In “The Library of Babel“, Jorge Luis Borges describes a library “…composed of an indefinite, perhaps an infinite, number of hexagonal galleries… ” lined with shelves of books. Unfortunately, the books are not organized in any predictable manner, causing librarians to travel “… in search of a book, perhaps of the catalogue of catalogues…” The searches, though, are in vain, given the improbability of finding what you seek in an infinite collection.

This whimsical account is not as far-fetched as it seems: As Geoff Nunberg points out in his critique of the Google Books approach to representing book metadata, Google is proceeding with a reckless abandon driven by technological expedience. His essay chronicles (with his typical wit) the systemic errors in metadata as available through Google Books, and Google’s apparent lack of concern for the reliability of the process or the accuracy or utility of the results. Errors include blatantly incorrect dates, author attributions, and categorical classifications, among others. The lack of concern about this aspect of preservation so vital to library and academic disciplines is reminiscent of Borges’ contrast between “Man, the imperfect librarian”¬† and the perfect universe of the (Google) Library.

But Nunberg’s is not just a pedantic rant of a self-proclaimed wordinista; the settlement will affect how people will access all books in the future because Google is in the process of negotiating itself into possession of the rights to distribute books.

Exploiting an opportunity made possible by lawsuits brought by a small number of plaintiffs on one narrow issue, Google has negotiated a settlement agreement designed to give it a compulsory license to all books in copyright throughout the world forever. [Pamela Samuelson, Professor of Law, UC Berkeley]

Pamela Samuelson goes on to argue that this settlement is problematic because the plaintiffs, while claiming to be acting on behalf of authors and publishers, do not represent the entire classes but only small fractions thereof. The settlement would create a mechanism (the Book Rights Registry) through which Google would distribute 63% of revenues it collects to authors and publishers.

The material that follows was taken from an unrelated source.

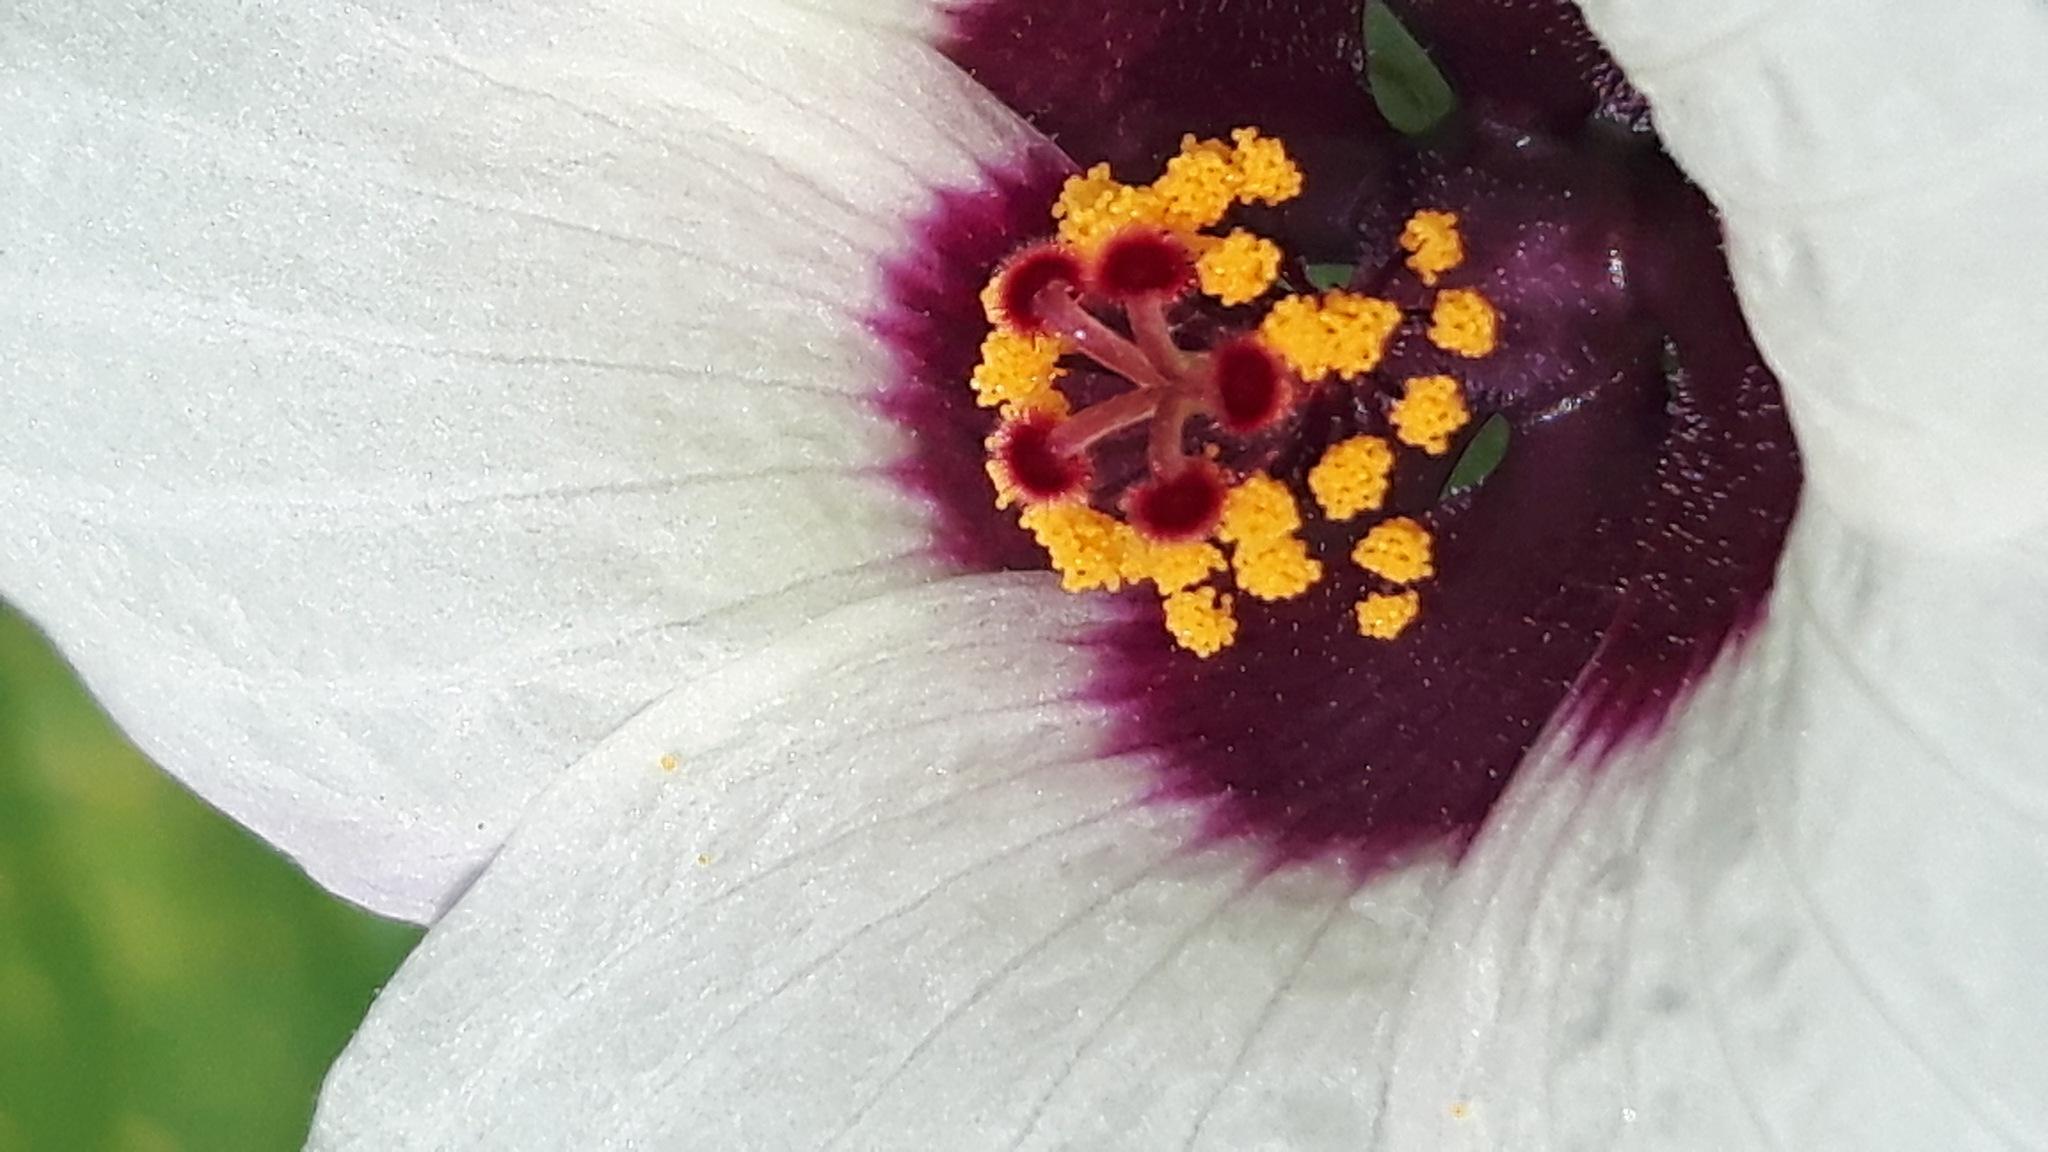 Fantasy of okra flower by Mevludin_Hasanovic

But even if the Registry works as intended in compensating the copyright holders, the settlement will still have an adverse effect on classes of people not represented in it, namely the libraries and the reading public. As currently worded, the settlement provides for extremely limited public access through libraries, providing for “single free terminal per public library building,” with some vague wording for increasing the number if necessary.

Another major issue that needs to be addressed by the settlement is privacy. There is a tradition in the US of the library protecting the privacy of its patrons. But if Google becomes the de facto library, these expectations may well not be met. Not only will there be an intrinsic, overwhelming pressure on Google to mine peoples’ reading patterns for opportunities to make a buck, but also by virtue of that data being collected and centralized, it will be vulnerable to leaks, bugs, and subpoenas.

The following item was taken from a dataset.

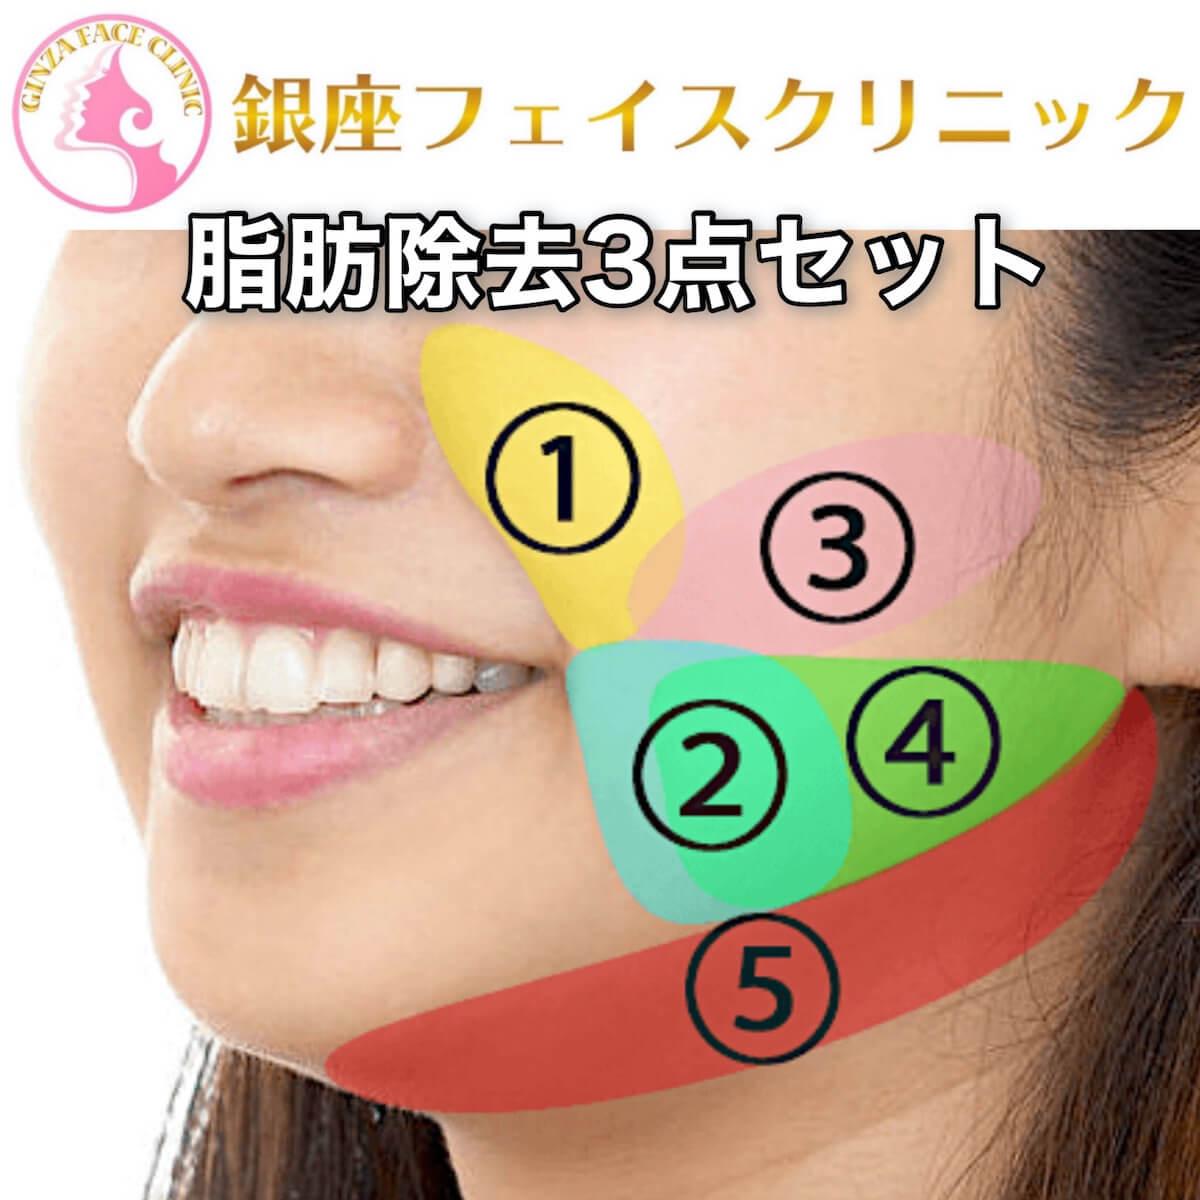 「お顔の脂肪除去3点セット」のTOP画像

The preceding has been a list of sins of commission, but the settlement also implies some sins of omission. In the JCDL Panel on Google as a Library, Clifford Lynch raised an interesting and often forgotten point that our cultural heritage consists of more than books, and that these other artifacts –games, images, musical scores, etc. — can be harder to make accessible if the settlement, with its focus on books, ignores these issues. Another issue that was raised concerns the impact on secondary markets such as used book stores: used book sellers are not represented in the settlement, yet stand to lose most of their business to the ubiquity of Google and its trivially-low cost of duplicating what once was a scarce resource.

The recent conference organized by the UC Berkeley School of Information to discuss this settlement is one of a growing number of discussions of the implications of the settlement, but it was an invitation-only event. I am certain that there are many other aspects of the settlement that need to subjected to public scrutiny and debate well beyond the upcoming September 4th deadline. Given that our access to books is about to be transformed, given that Google has demonstrated little regard for the process of preserving the books in ways that reflect how they are used (not just as bags of words), and given that Google’s fundamental interest¬† is to increase the value of its stock, we have a responsibility to examine this settlement with due vigilance. If this deal proceeds as it is currently framed, it will make Amazon’s recent yanking of Orwell’s books from customers’ Kindles look like childs’ play.